We are even now seeing the results of the Leftist game plan tragically playing out in major cities across our Nation. Continued tomorrow in Part Three.
*Corrupt prosecutors may, as we unfortunately learn, manufacture false evidence of a crime or fail to provide exculpatory evidence of innocence. That’s always a problem, and, on an “industrial” scale, a serious problem, dangerous to the integrity of our entire judicial system. The sham Mueller investigation is a casebook study of a massive prosecutorial corruption scheme instituted for the sole purpose of unseating a duly elected President and harming many law-abiding citizens on the way. Ruthless forces both here and abroad, that seek to destroy the Trump Presidency, planned and carried out this charade. And the charade continues today, now in the guise of a Congressional impeachment against Trump.

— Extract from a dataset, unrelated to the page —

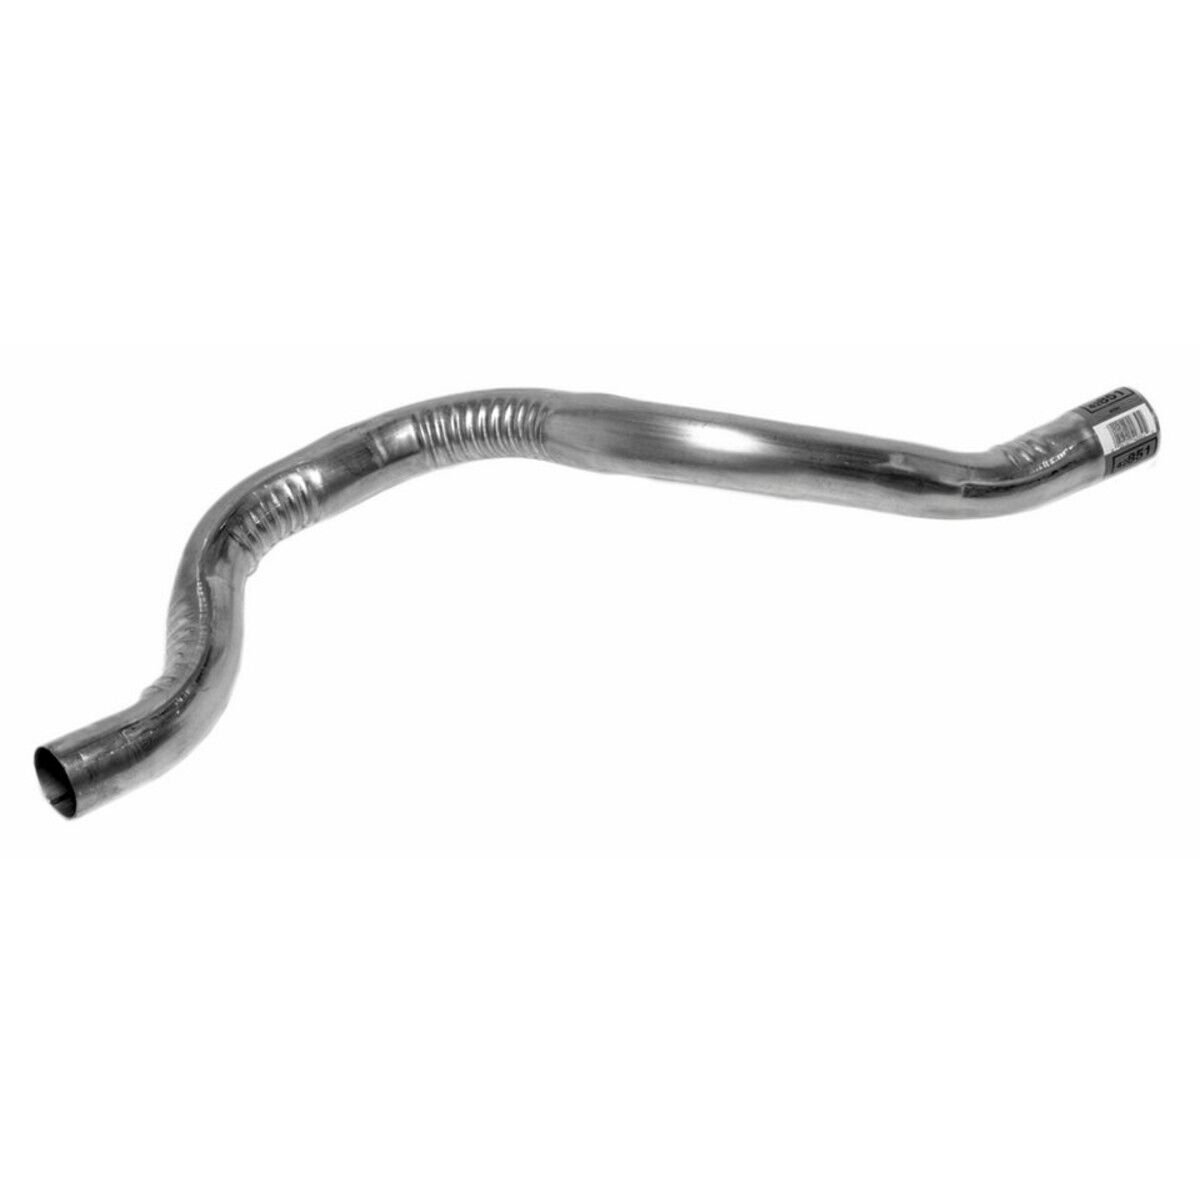 42851 Walker Exhaust Pipe for Chevy Olds Cutlass Pontiac Grand Prix Buick Regal

The forces that seek to unseat Trump perceive his policy goals summed up in the campaign slogan, “Make American Great Again,”—which, for Radical Leftists, amounts to a four-word phrase obscenity—as incompatible with their own goal of a one-world system of governance. But these forces that would crush this Nation and its people into submission don’t stop there. Through the despicable secretive actions of George Soros, a henchman of the Globalist “elite,” prosecutors of a different sort, who Soros has inserted into several City Governments: Radical Left activists or willing toadies of Soros and of the Radical Left, who won’t prosecute crimes, even serious crimes, at all.
As reported by the Washington Times, these puppets of neoliberal, Globalist, Transnationalist forces—who include Chesa Boudin in San Francisco, Kim Foxx in Chicago, Larry Krasner in Philadelphia, and Rachael Rollins in Suffolk County, Massachusetts—regularly refuse to prosecute crimes, thereby endangering the safety and well-being of the public and making a mockery of our entire system of law and justice. That, of course, is all in accord with the Radical Left’s plan intentionally to disrupt the judicial process to destroy our Country from within.